P values are from Mann-Whitney U test comparisons of the distribution of screener versus nonscreener responses.

Discussion

To our knowledge, this is the first study to describe the prevalence of radiologists reading CT screening studies in the United States from a nationally representative rather than targeted sample. This study revealed that one-third of a nationally representative sample of radiologists who read diagnostic CT studies of the chest, abdomen, and pelvis also read CT screening studies of the coronary arteries, lungs, and/or whole body. We found that the most commonly read study was CACS screening (26.7%), followed by lung cancer CT screening (19.2%) and whole-body CT screening (9.4%). These results are similar to unpublished data gathered by using the American College of Radiology’s 2003 Survey of Radiologists (20, 21), a stratified random sample survey of U.S. radiologists that revealed that 24% of diagnostic radiologists personally read lung screening CT studies and 13% read whole-body screening CT studies. Furthermore, while our data reflect the same relative prevalence of the different tests among screening centers that advertise on the Internet as reported by Illes et al (4) and Kalish et al (5), our study results suggest that CT screening is more prevalent than their estimates, probably because they identified only screening that was advertised on the Internet (4,5).

The three CT screening examinations explored in this study—lung cancer screening CT, CACS screening, and whole-body CT screening—are at different stages of evidence and have different professional society recommendations. For example, CACS screening has the most conclusive research evidence of benefit (22,23), and the American College of Cardiology has recently recommended CACS screening for patients with intermediate Framingham risk scores (24). Evidence demonstrating a decreased disease-specific mortality from lung screening in smokers is still emerging and is intensely debated (18,2527). Results from the Early Lung Cancer Action Program study (18) found that lung screening detects cancers at an earlier stage, while results from the National Lung Screening Trial (28), which uses a randomized controlled design, are anticipated to provide stronger evidence about the impact of screening on population mortality. Professional societies do not advocate lung screening, but some have suggested it may be appropriate for individuals after a careful discussion with their physician regarding the risks, benefits, and uncertainties (29,30).

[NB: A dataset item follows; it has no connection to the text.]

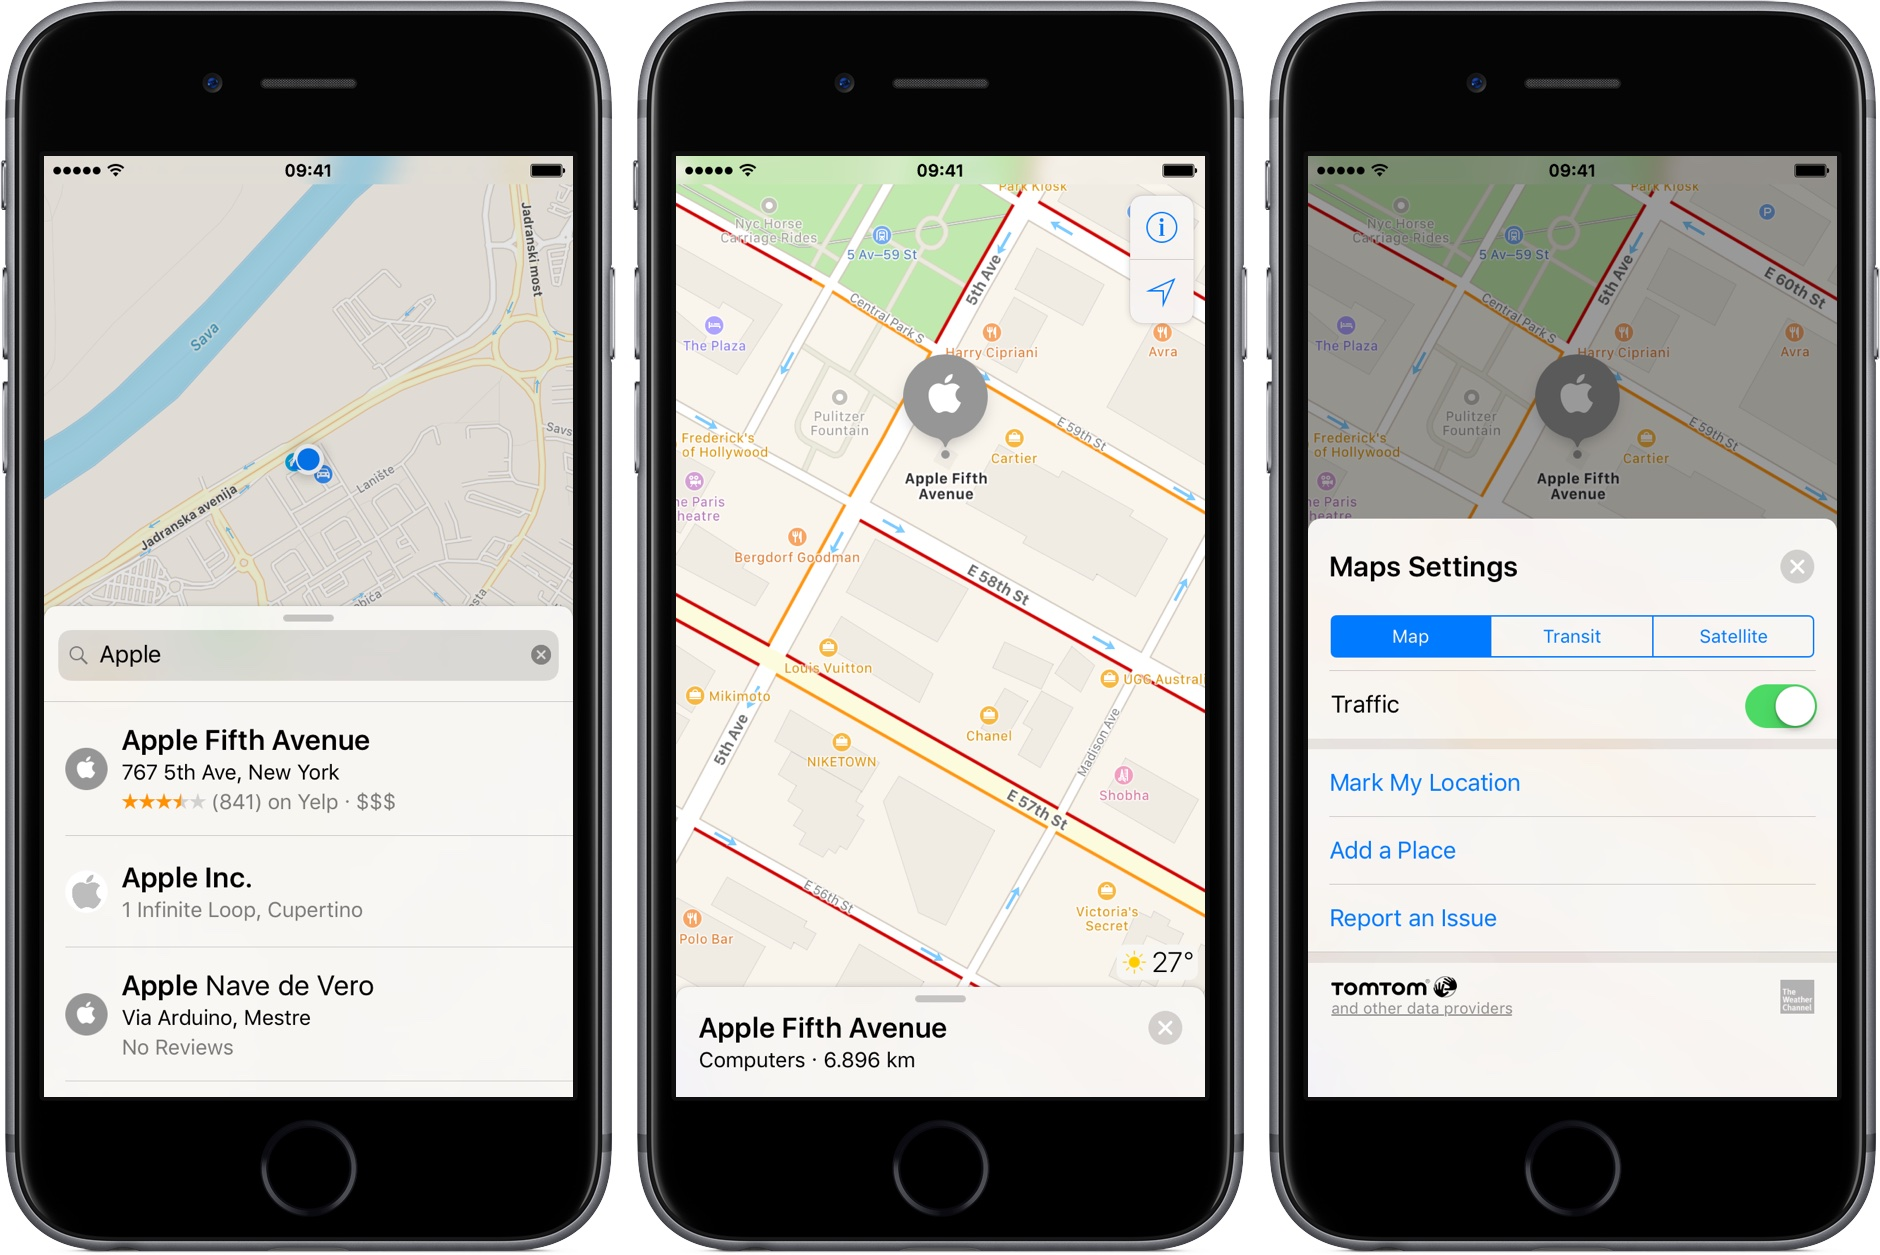 ios-10-maps-iphone-screenshot-002

Few data exist for the impact of whole-body screening. Results of one large case series (31) showed that 32% of patients undergoing whole-body screening required follow-up of important findings, and results of one cost-effectiveness analysis (32) suggest that it has minimal impact on population-based mortality at high cost. Professional societies uniformly discourage whole-body CT screening (8,9,33,34), while several individuals have advocated the development of guidelines in response to the high rate of findings requiring follow-up (31,35). For any emerging screening test, targeting screening at a population with high prevalence of the disease is necessary to avoid excessive false-positive rates. Emerging professional guidelines aim to guide individual risk assessment and define which patients should be included in high disease-prevalence groups.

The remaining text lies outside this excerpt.